Payie remembers his brother, an airman shot down on November 22 1942.
"He was 25 and I was 22," said Payie, wiping a tear from his blue eyes.
Payie says November 11 is special to him because it is so close to the day his brother died. That's the first face he sees during the moment of silence.

Digging a deeper trench
Billy Williams ran away from home in Nova Scotia and lied about his age to enlist in the Canadian Army at the age of 15.
He remembers knowing only one thing - how to shoot. As a child he shot squirrels in the eye and traded their skins for a nickel. He thought he could use that skill in the army.
He was fighting in Korea at age 16.
"The trenches weren't deep enough," he said. Williams remembers digging into a hill with a valley in front and no man's land surrounding them. There wasn't room to move, and the fighting was unceasing.
"I always dug my trench a little deeper," he said to the two World War II veterans sitting with him at the table. "I was terrified."
A day in Korea was like a week - noon marked the regular rocket shower from the enemy.
"We lost a lot of guys we shouldn't have... it was a losing battle" he said. "But it was nothing to be ashamed of, we were just trying to be helpful."

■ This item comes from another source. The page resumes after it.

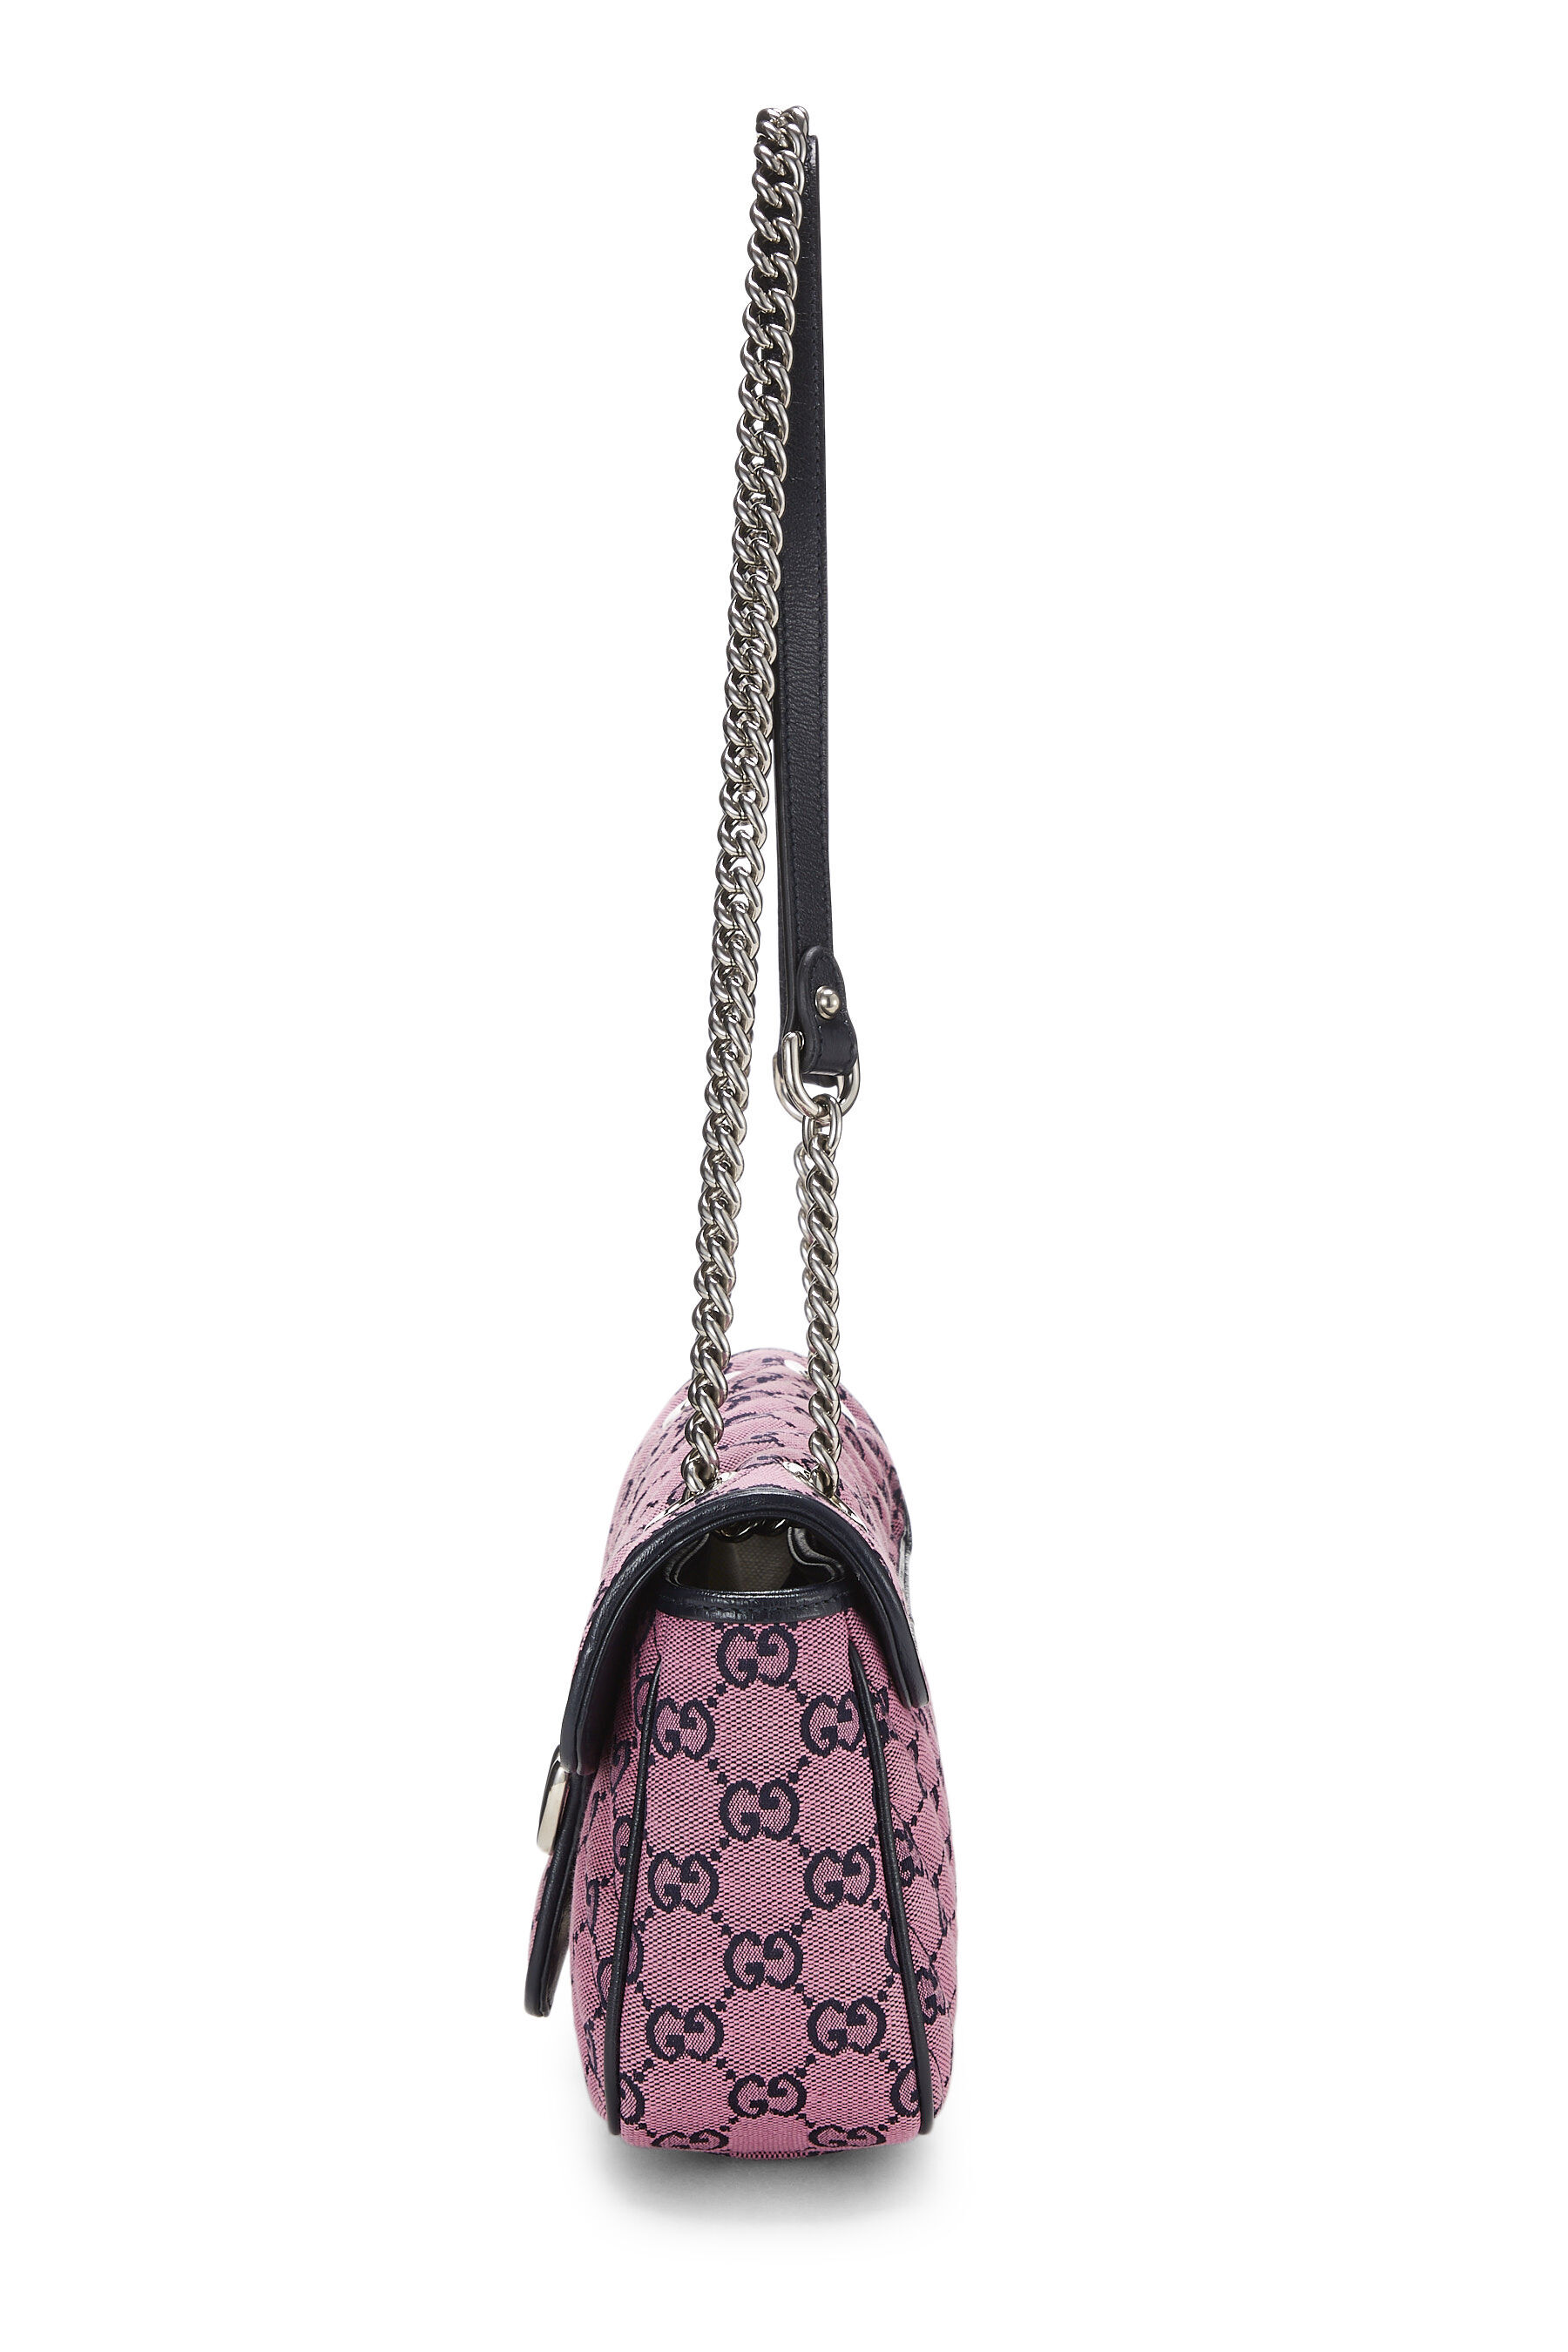 Gucci Pink Original GG Canvas Marmont Shoulder Bag Small ...
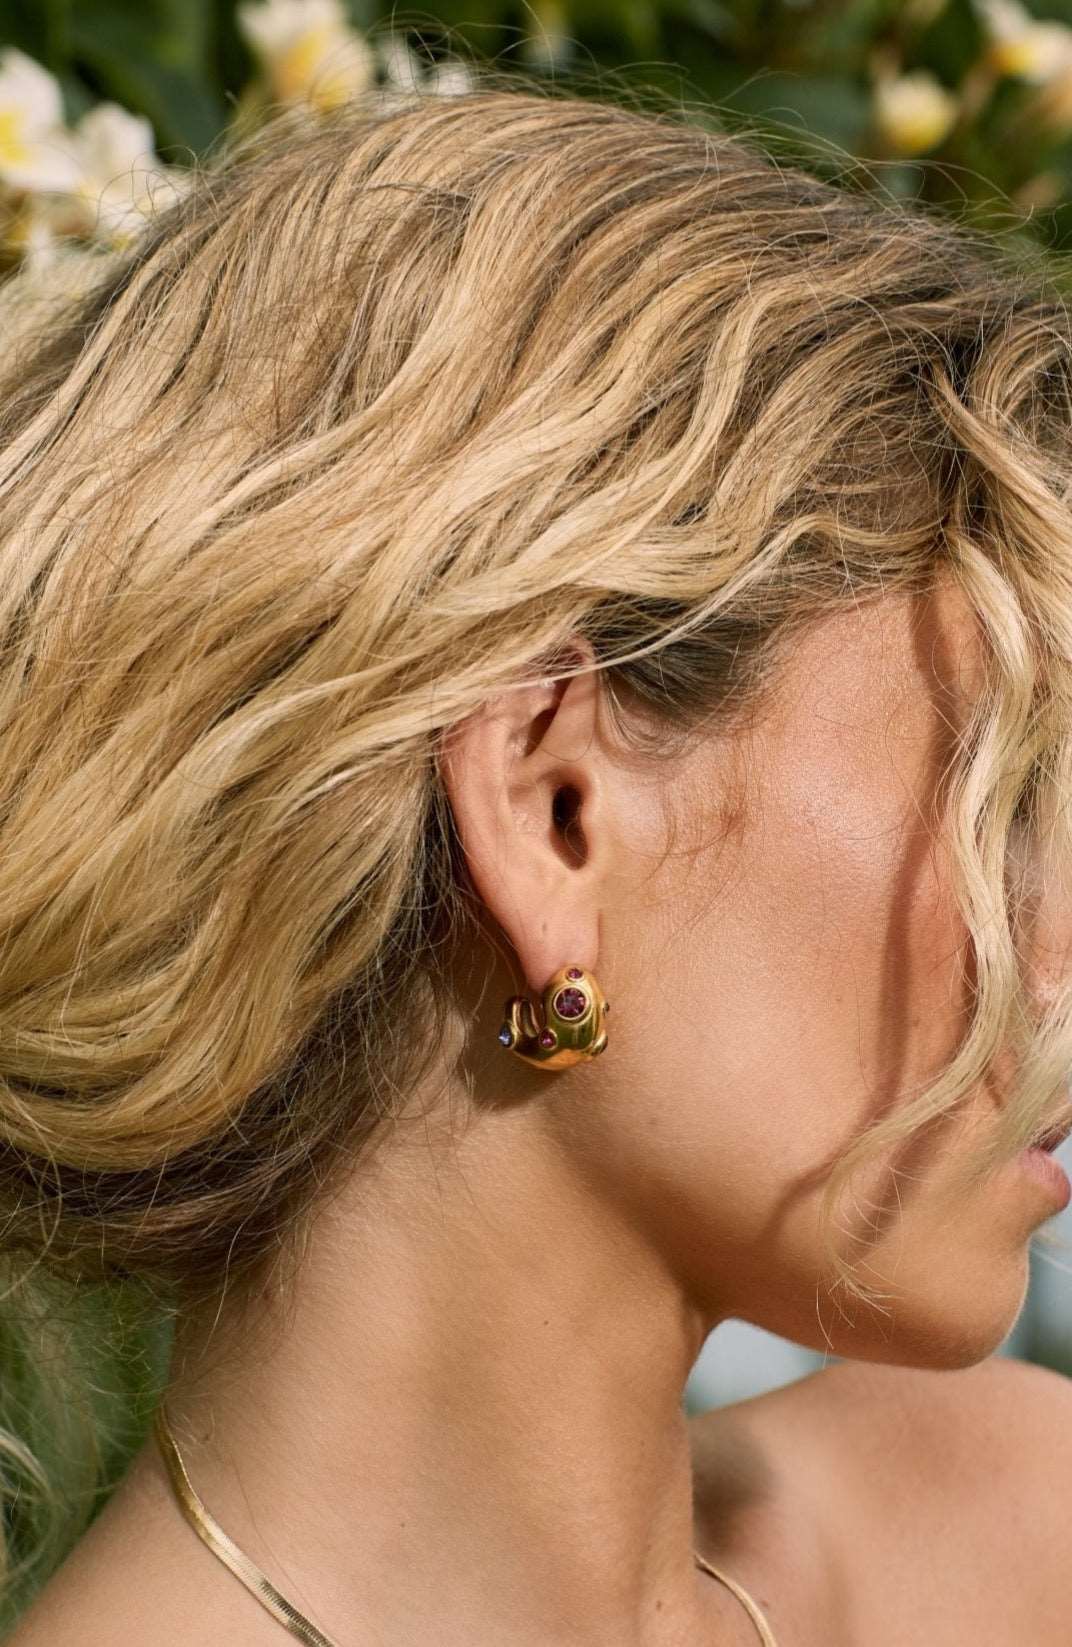 Pink and purple coloured gemstone earrings on blonde girl

The 75-year-old former Land Sergeant now works at Binkley Apples in Thornbury. He lives in Meaford and never buys green bananas. He counts each day a blessing, knowing he could have met a fate the same as those he fought beside.
Though he was terrified and young he has good and bad recollections of Korea, Williams says memories are something he'll never lose.
"I wouldn't trade my memories for nothing," he said.
Observing his moment of silence today, Billy Williams will be thinking of "all the ones that we've lost and the ones we're losing today."